Just wanted to throw in a quick $0.02 worth of personal opinion. ;)
While Keyword Analysis Tools are undeniably valuable, don't forget other sources closer to home, that no keyword tool can duplicate:
* Your knowledge of your business (You know precisely what you have to offer, for example, while a keyword tool has no idea.)
* Your knowledge of your customers (You most likely have a good working knowledge of who your customers are, and their various sophistication levels. Choose keywords/Ad Groups aimed toward these sophistication levels.)
* The site to which your ad links is a goldmine of potential keywords.
* Look for negative keywords in the natural SERPS. Take a look at the first 100 or so results, and 'mine' negatives from the results that do not relate to what you have to offer.
IMO, using these resources will translate to successful AdWords Campaigns, as they related specifically to your business, your offerings, and your customers. Keyword Analysis Tools on the other hand, are simply databases with no knowledge of any of the above.
AWA
The site to which your ad links is a goldmine of potential keywords.
If the site is under your control, don't forget to mine the access logs for search terms users are currently using. And, if the site has a search function, the site search logs for what users are specifically trying to find once they get there.
Look for negative keywords in the natural SERPS. Take a look at the first 100 or so results, and 'mine' negatives from the results that do not relate to what you have to offer.
Can you please expound on this and how it works.

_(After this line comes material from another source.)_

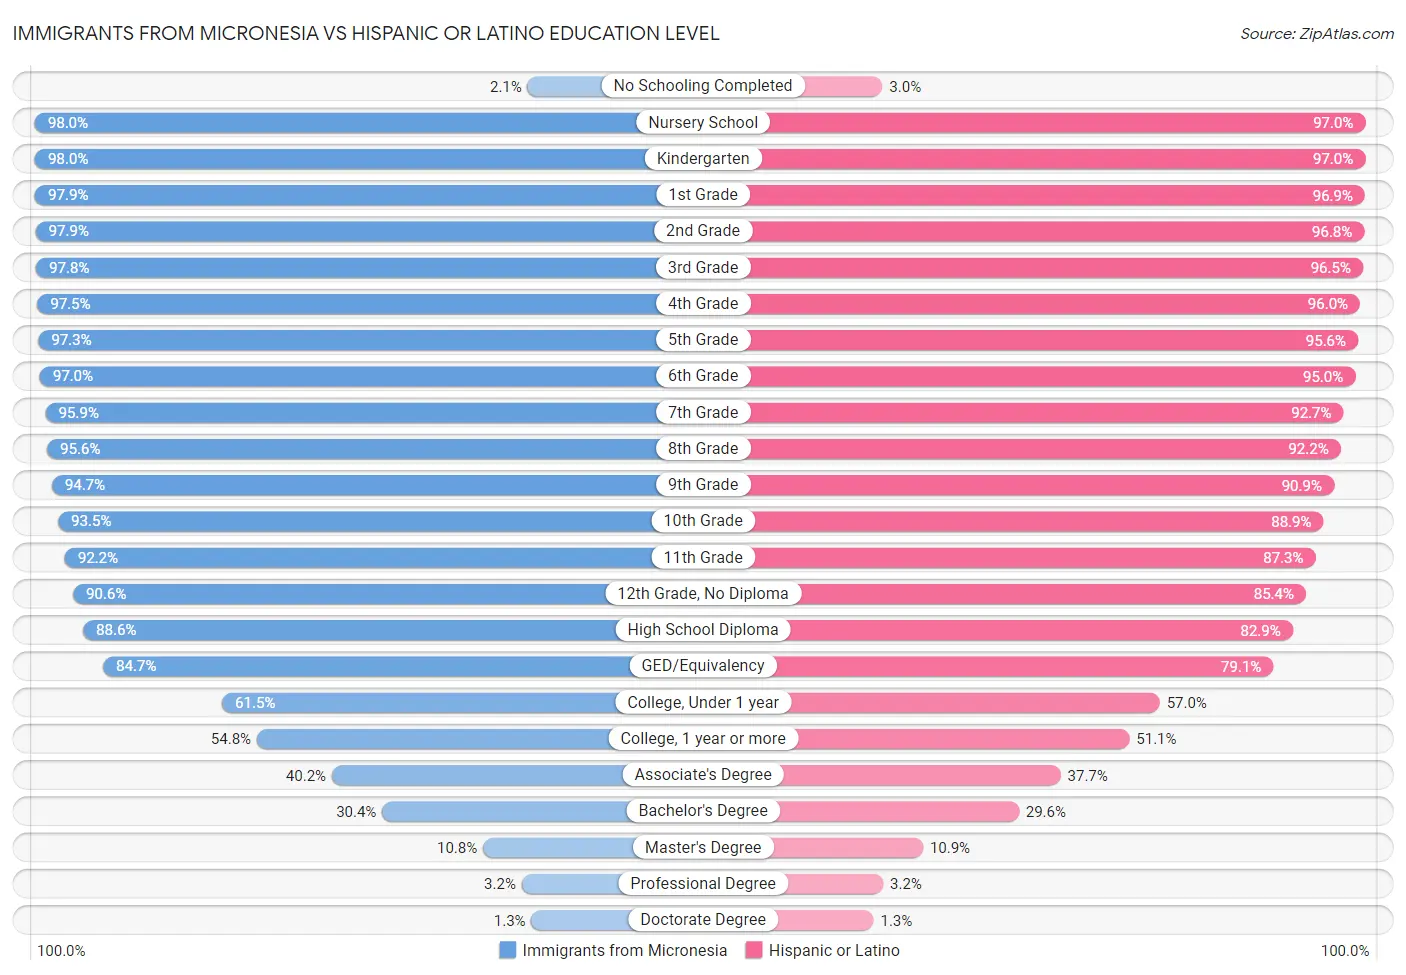 Immigrants from Micronesia vs Hispanic or Latino Education Level

When you are paying for keyword ads, you want to make sure you use negatives to remove searches that can contain your keywords but have no relevency to your topic (so your not paying for useless traffic)
When doing SERP placement, having bad keywords isn't necessarily a bad thing unless you don't WANT the traffic :)
When you use the keyword tool on google, it explains the [] or "" or minus conditions and why/how to use them.
In the most simple case if you have something about widgets and you don't sell them you can use -sales -sale -shop -shopping so your ad will not show if they use your "keyword shopping" such as "widget sales"
I typically build a list of absolute keywords so i don't have to set a huge condition list.
Like ill have [my specific widget] and the brackets mean only show when 100% match of that specific query. I have a spreadsheet i keep of THOUSANDS of these keywords that i'm willing to pay for vs trying to remove or set conditions on general terms.
Sometimes i run a general term match though to see what keywords i may be missing. (often a cheap price to pay hehe)
You may add to the list as necessary.
Major
1. Wordtracker
2. Overture Search Tool
3. Google Sandbox
4. Numberonedomain Suggestion Tool( [numberonedomain.com...] )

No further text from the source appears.